For those understandably skeptical of Western interventions in the poor world, that might look like imperialism. Liberals have many reasons to sympathize with people struggling to hold on to their ways of life in the face of the hegemonic steamroller of globalization. But they have even more reason to sympathize with people who are fighting for individual rights in societies that demand subsuming such rights to tradition and myths about sexual purity. After all, even if relativists like Shweder truss them up in fashionable third-worldism, such demands are the very essence of reactionary conservatism. That’s true whether they are made by the Vatican, an imam, or a tribal hierarchy. When some people are willing to risk their lives to escape tradition, it’s hard to see the difference between culture and tyranny.

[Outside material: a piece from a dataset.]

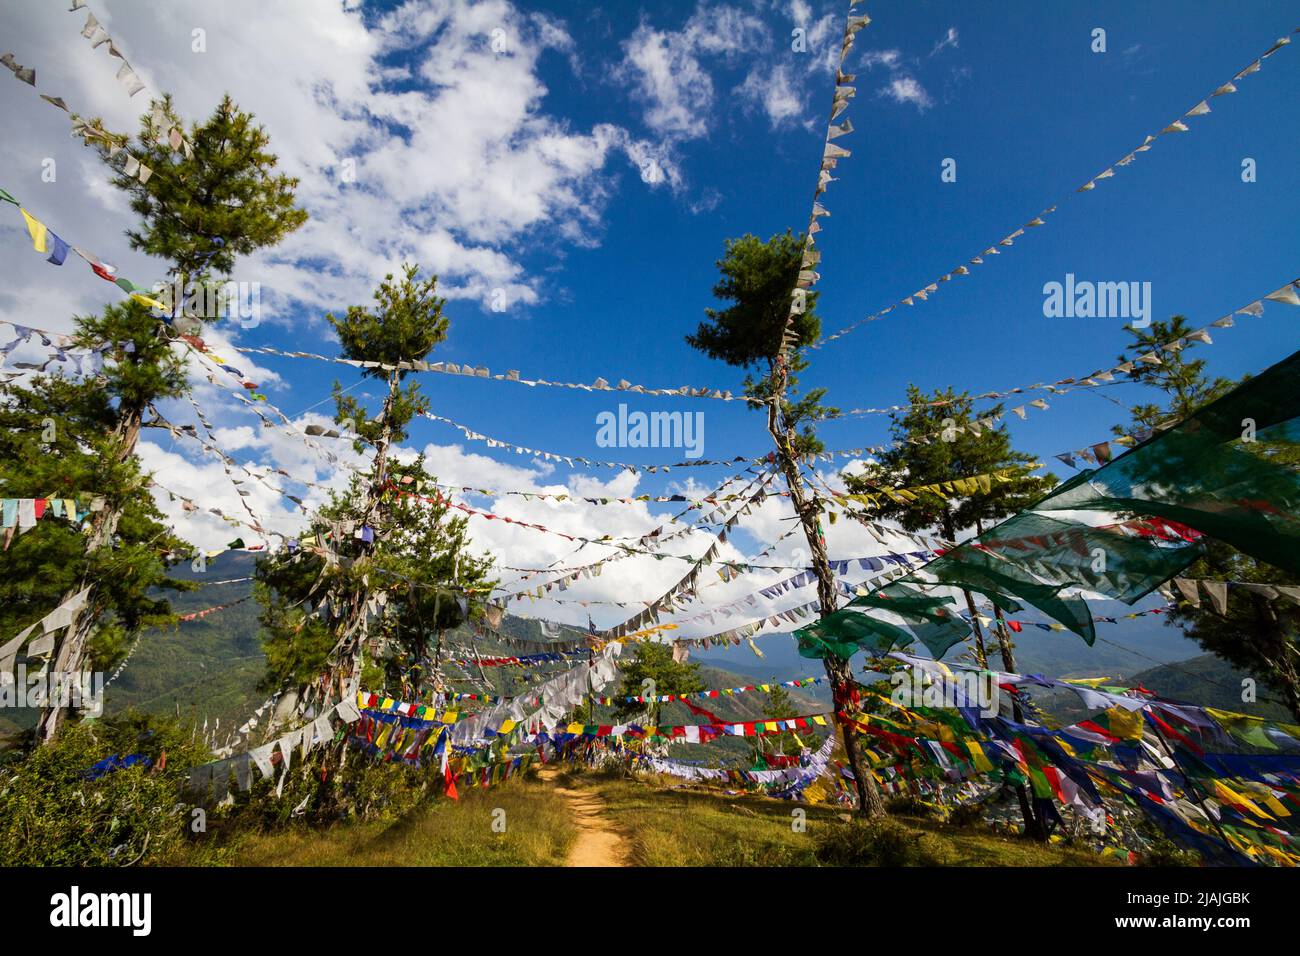 Prayer Flags Fly Between Trees Under A Blue Sky Near Thimphu, Bhutan Stock Photo

Save for a few corners of Scandinavia, there is no society on earth that does not discriminate against women, and no place where such discrimination is not ardently defended
by
some women, who usually see it as a respectful, safeguarding recognition of difference. Women’s rights, then, will always, at one time or another, conflict with culture. The loss of the status quo, of ancient ways of doing things, is genuinely painful for some. One can see that and still see that solidarity means taking sides.

CHAPTER 6:
THE GLOBALIZATION OF THE CULTURE WARS

 

 

A
s NATO bombs fell on Kosovo in 1999, around 850,000 people, the vast majority of them ethnic Albanians, fled into Albania and Macedonia. Serb soldiers were on the rampage, and Kosovar Albanian women were being raped systematically, some for days on end. Such rapes, wrote Human Rights Watch, “were not rare and isolated acts committed by individual Serbian or Yugoslav forces, but rather were used deliberately as an instrument to terrorize the civilian population, extort money from families, and push people to flee their homes. Rape furthered the goal of forcing ethnic Albanians from Kosovo.”
1

When people are driven from their homes, their most immediate needs are, obviously, food, shelter, and emergency medical care. As Merle Goldberg and Harvey Karman always knew, though, reproductive health needs can be acute, especially when sexual violence is prevalent and people are displaced for many months. One of the UNFPA’s mandates is providing for the reproductive health—including safe childbirth—of refugee populations. So after the war the UNFPA sent several experts to review the situation and see what needed to be done.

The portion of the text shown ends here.